October 20, 2009
Baucus Bill and propaganda restrictions
While reading through the Baucus Healthcare Bill two words jumped out from the page at me. Actually it was one word written twice and I admittedly word searched to find the second. What was the offending word? "Propaganda." One might ask how a silly little word like "propaganda" could finds its way into legislation concerning healthcare. I asked myself the same thing.
The Merriam-Webster Dictionary (New Edition 2004) defines propaganda as "the spreading of ideas to further or damage a cause." It doesn't specify whether that information is true or not, however it's safe to assume that most of us are in agreement that propaganda usually connotes anything from bending the truth to straight out lies. It conjures Orwellian images of Big Brother or Nazi propagandist Joseph Goebbels. That notwithstanding it still doesn't explain why this word appears in this legislation - or does it?
Its first appearance on page 236 prevents nonprofit health insurance issuers from using any funds appropriated under the CO-OP Program for "carrying on propaganda or otherwise attempting to influence legislation." It does not specify which legislation so we must assume it applies to all legislation. I do agree with the concept. It prevents these nonprofit health insurance issuers from using these appropriated public funds for lobbying. But the hypocritical reality is that publically funded propaganda is the strict domain of this administration, which sees no problem in using the publicly funded National Endowment of the Arts to further its own general agenda or in hiring AKPD Messaging and Media (formally associated with David Axelrod) with $12 million dollars of taxpayer money to tout the president's healthcare platform. Clearly some people are more equal than others.
The second appearance on page 245 is more nefarious. It says that nonprofits will lose their exemption status just for "carrying on propaganda, or otherwise attempting, to influence legislation" (publically funded or otherwise). It further stipulates that the organization must "not participate in, or intervene in (including the publishing or distributing of statements), any political campaign on behalf of (or in opposition to) any candidate for public office."

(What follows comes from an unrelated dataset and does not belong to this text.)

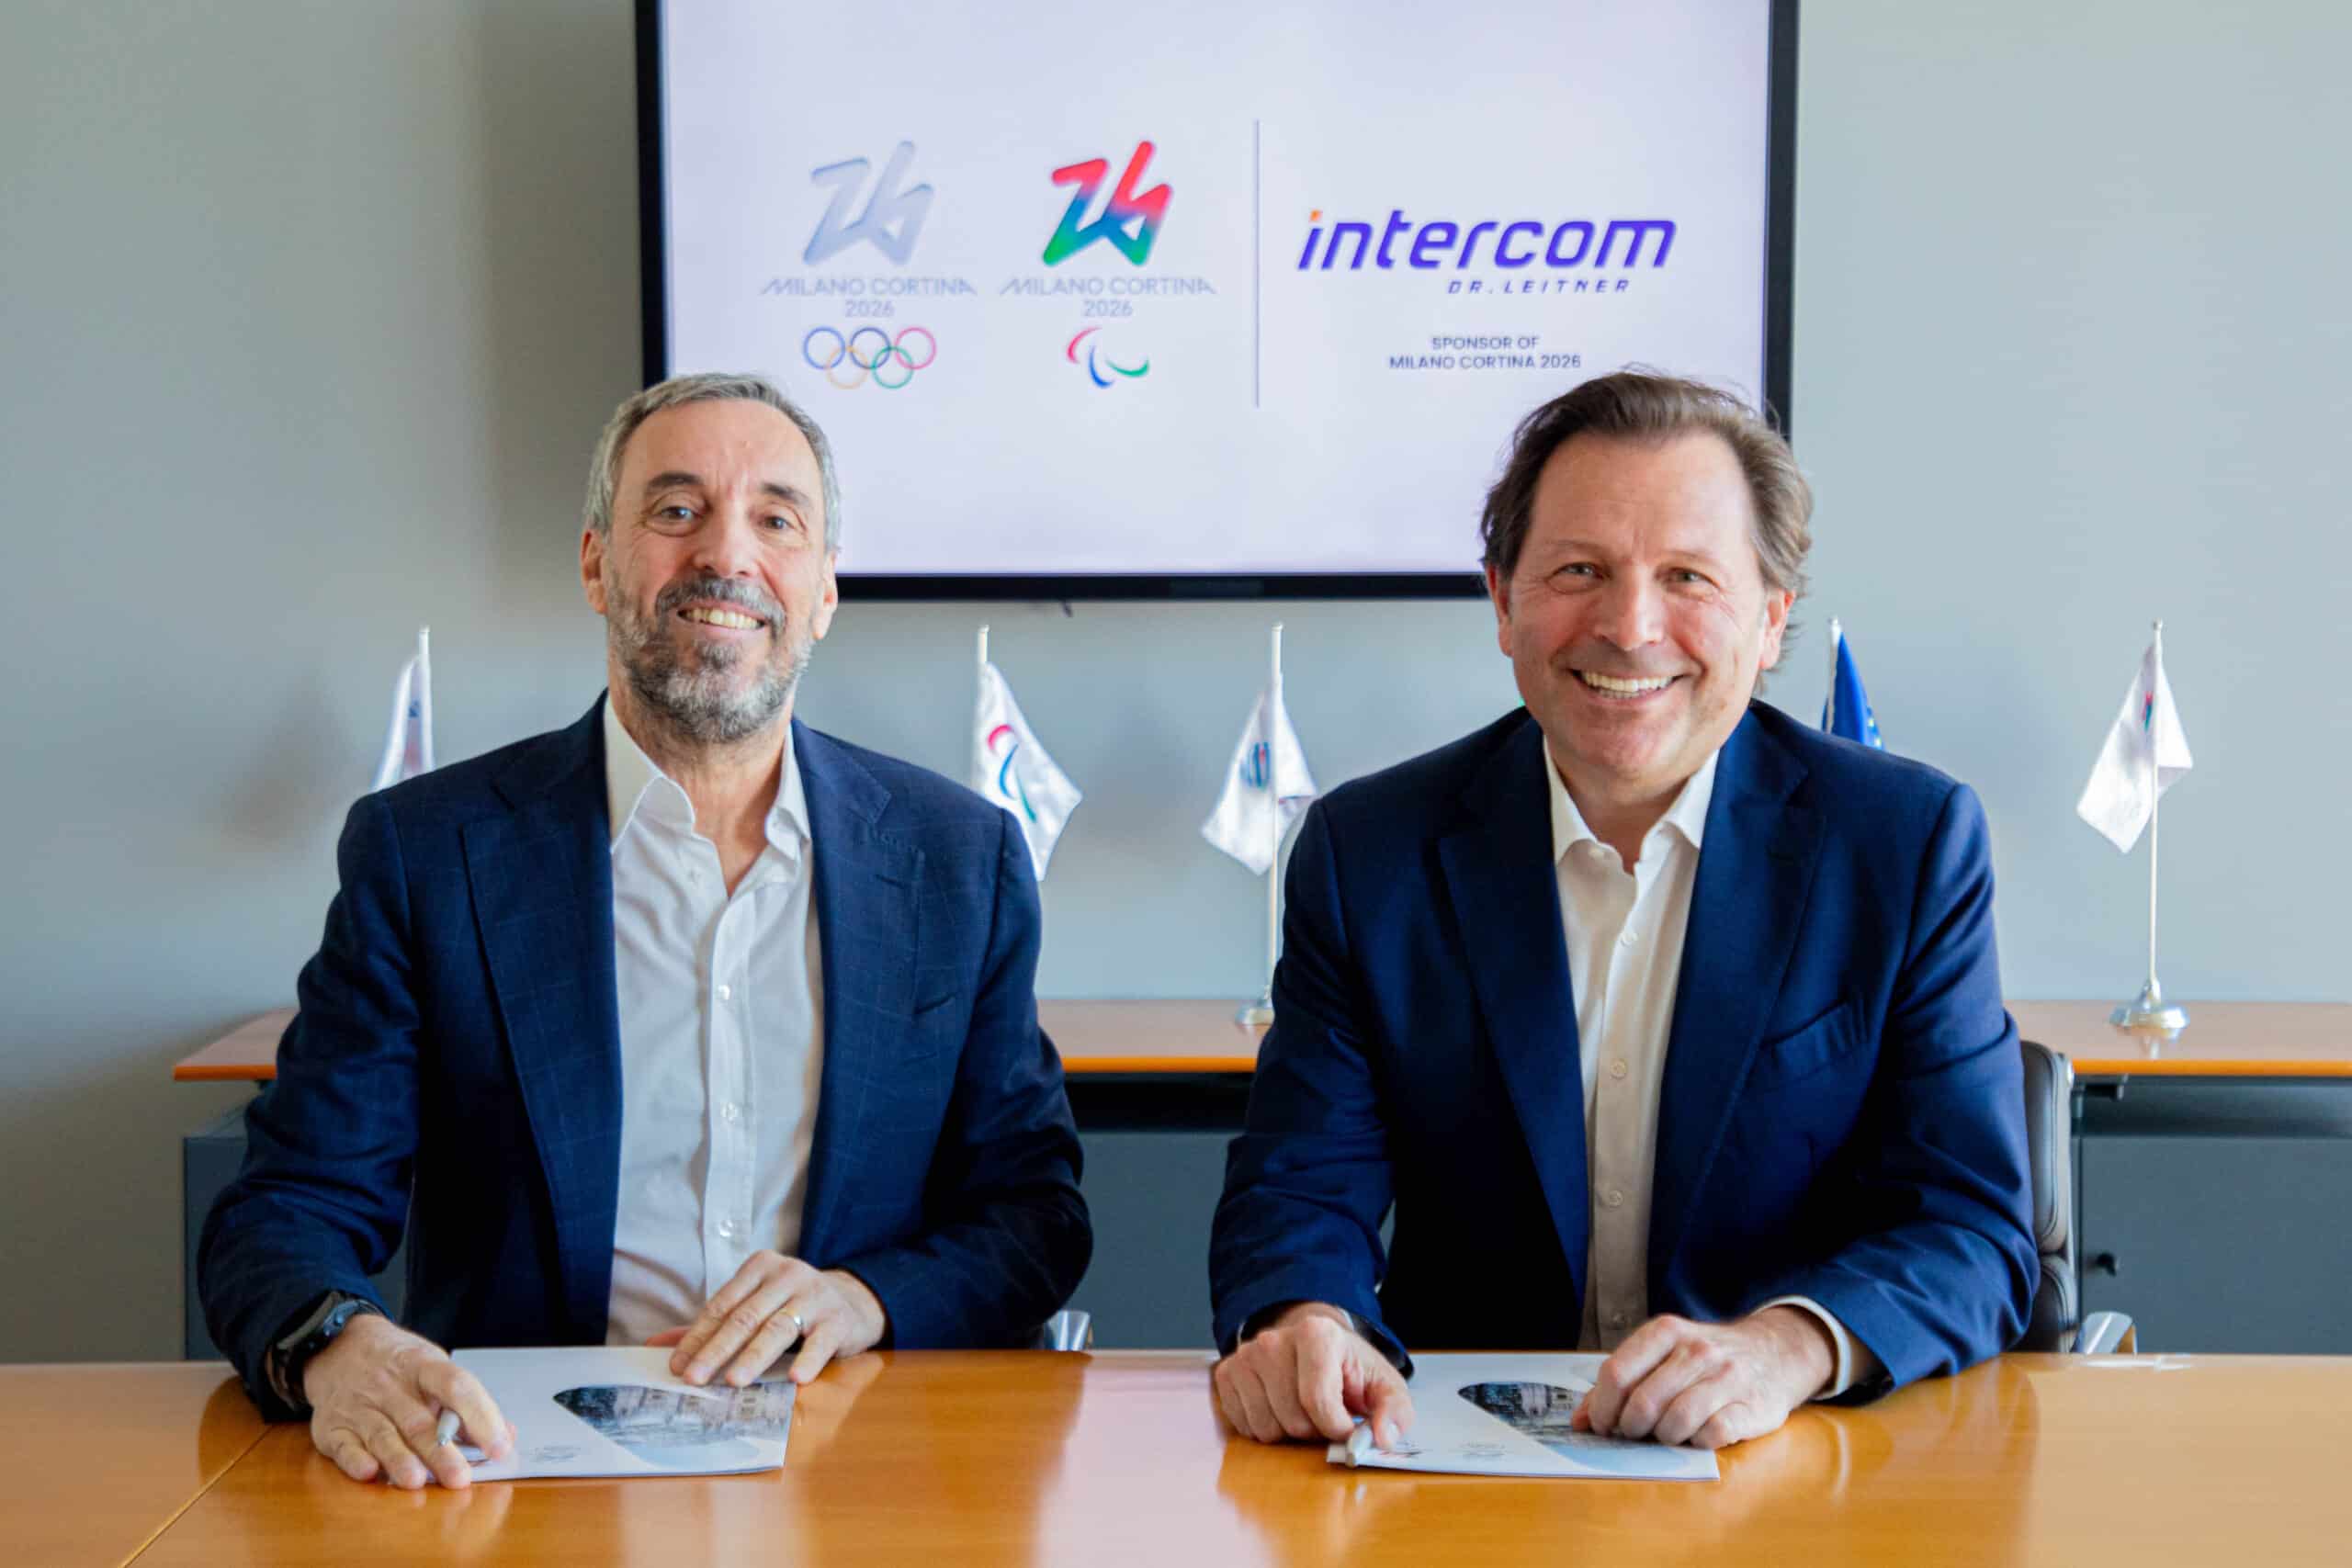 Intercom Dr. Leitner is official sponsor of the Winter Olympics in Milano Cortina 2026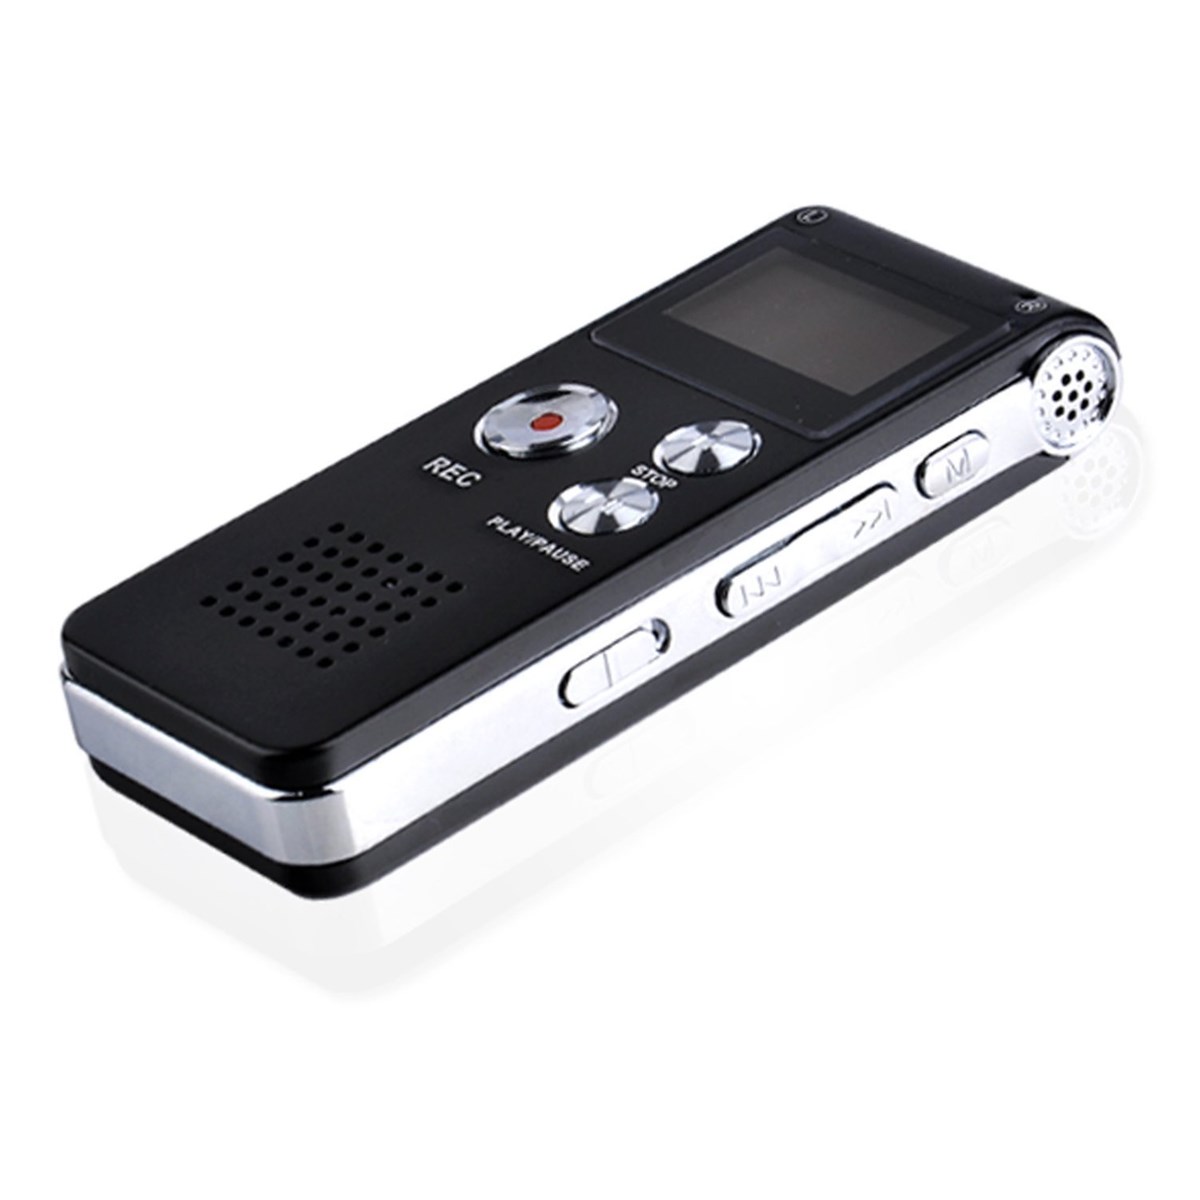 Strong Stability Electronics Equipment MP3 Player Mini Flash Drive Audio Digital Voice Recorder

Two things come to mind. The first is who decides what is propaganda? I grew up to believe the truth is the truth no matter where you find it. But in the dichotomy of ideas and paradigms that exist in our country right now, one person's truth is another's lie. Defining what is propaganda and what is not is an extremely subjective calling that's as fleeting as the political wind and might require an entire administrative staff to define enforce its decisions. We could call it the Department of Truth.
The second thing that comes to mind is the First Amendment. By creating legal conditions within a bill that require you to forgo your right to free speech (as a person or organization) in order to receive the benefits of said bill stands as another just another of growing monuments to the assault on our Constitution.